Data Sharding: Twitter Posts

Scenario

Let's begin with a Twitter-like service that allows you to tweet new posts. The service has very high read and write traffic , we'll say ~10k read TPS, or transactions-per-second for starters. We use a relational database for writes since they are stable, atomic, and resilient. Write performance on a single master database server will not be sufficient at this scale, so we need to incorporate a multi-master setup. This means writes will have to be distributed to multiple database servers and we will have to shard the data and try to achieve equal distribution among all the servers.

Our service needs a way to:

  • Quickly find a range of tweets by creation date
  • Handle the write/read requirements at the scale mentioned

Schema

For simplicity we'll focus on a very basic schema that represents a tweet post. We'll skip going into other possible fields, such as media, relationships / foreign keys, and other types of metadata.

  • Tweet ID (longint)
  • Timestamp (longint)
  • Tweet Poster User ID (char 64)

Also for simplicity, we'll not worry too much about how these values may be generated (in the case of Tweet ID) or populated.

Tweet ID can be a simple longint value that is incremented (MySQL auto-increment fashion) so that we can keep the number of bytes down to 8. This means we wouldn't want something like a UUID, since UUIDs are 128 bits, which in hexdigest will take up \(\frac{128 bits}{4 bits} = 32\) characters, since each hexadecimal character only takes up 4 bits. A 32 character long ID can take up anywhere from 32-128 bytes in a SQL row. We'll assume that the problem of uniqueness in the sequence IDs are taken care of already (via a distributed ID generator).

Timestamp can be the epoch timestamp in milliseconds, also represented by a longint. We could alternatively use a DATETIME field that is most likely out-of-the-box with many database solutions.

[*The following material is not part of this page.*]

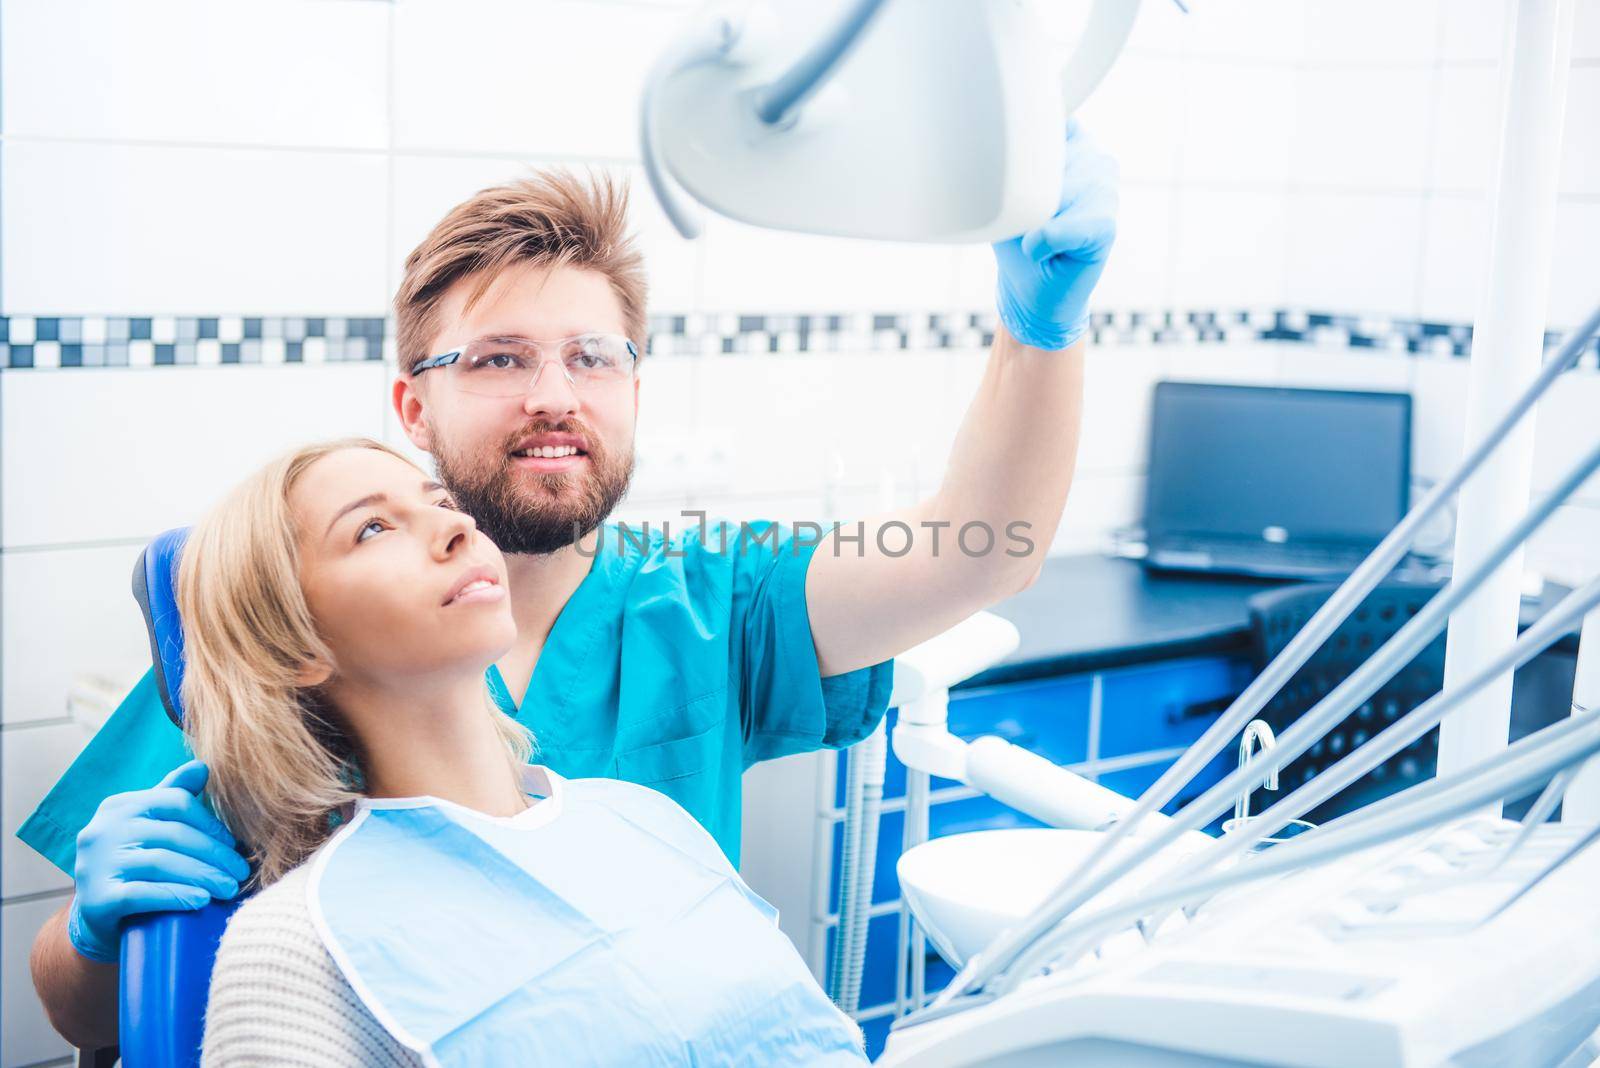 Dentist holding special lamp by GekaSkr

We'll assume User IDs are around 64 bits in size.

Scaling

We can start off by considering a basic hash of the Tweet ID and modulo that value with the total number of servers, to determine which server to store that Tweet. This has issues with adding/removing servers when scaling up or down, so we can apply consistent hashing to allow our service to horizontally scale.

Partitioning

To determine the shard ID or partition ID, we can use various approaches. Depending on what we shard on, the read/write performance can be deeply impacted.

Hash by Tweet ID

We chose a Tweet ID for the brute force approach, which will equally distribute the tweet posts among all the database servers. However, one problem with this approach is that if we need to search for a range of tweets, then we would have to query all of the servers, collate them, and sort them (assuming that we want to search by creation date) before we give them back to the client. This can be inefficient, because each database server would have to perform a lookup for all tweets that it might have in the given range, and that lookup needs to also sort by timestamp. We can use a secondary index on the timestamp to achieve faster lookups, but this also results in slower writes.

Hash by User ID

If we choose the User ID for the hash, then we would potentially have more problems. When we search for tweets, we might still find tweets from various users, meaning we would still have to potentially query all of the servers. The sorting problem will also be present from the Tweet ID approach. To top it off, the User ID approach introduces a new problem of hotspots, where a very popular user (such as Kanye West) might have an incredibly higher number of reads vs. other servers, causing an unequal distribution of traffic.

Hash by Timestamp

If we choose the Timestamp for the hash, we will still introduce unequal distribution and hotspots since the server that contains the most recent posts will have higher traffic than the older posts.

Hash by Tweet ID + Timestamp

The bottleneck of the Tweet ID hash is the inability to efficiently sort at scale. We could instead create a Tweet ID in such a way that it incorporates both a sequence AND a timestamp, so that we can achieve uniform distribution via sharding and also have efficient lookup (with sort) by the database servers. To do this, we can use the Twitter Snowflake ID pattern to reserve at least the first 41 bits for the epoch timestamp and 12 bits for the sequence ID.

This allows database servers to fetch the latest tweets fast since the timestamp is built into the ID and is inherently sortable by its value. We would not need a secondary index nor another column (i.e. Timestamp), which reduces write speeds significantly.

We can combine the epoch timestamp and sequence number, hash the result and use that to determine where to shard. Keep in mind that we may still need to query all the servers since we are searching for a set of tweets, but overall this is more faster and efficient vs. hashing by Tweet ID alone.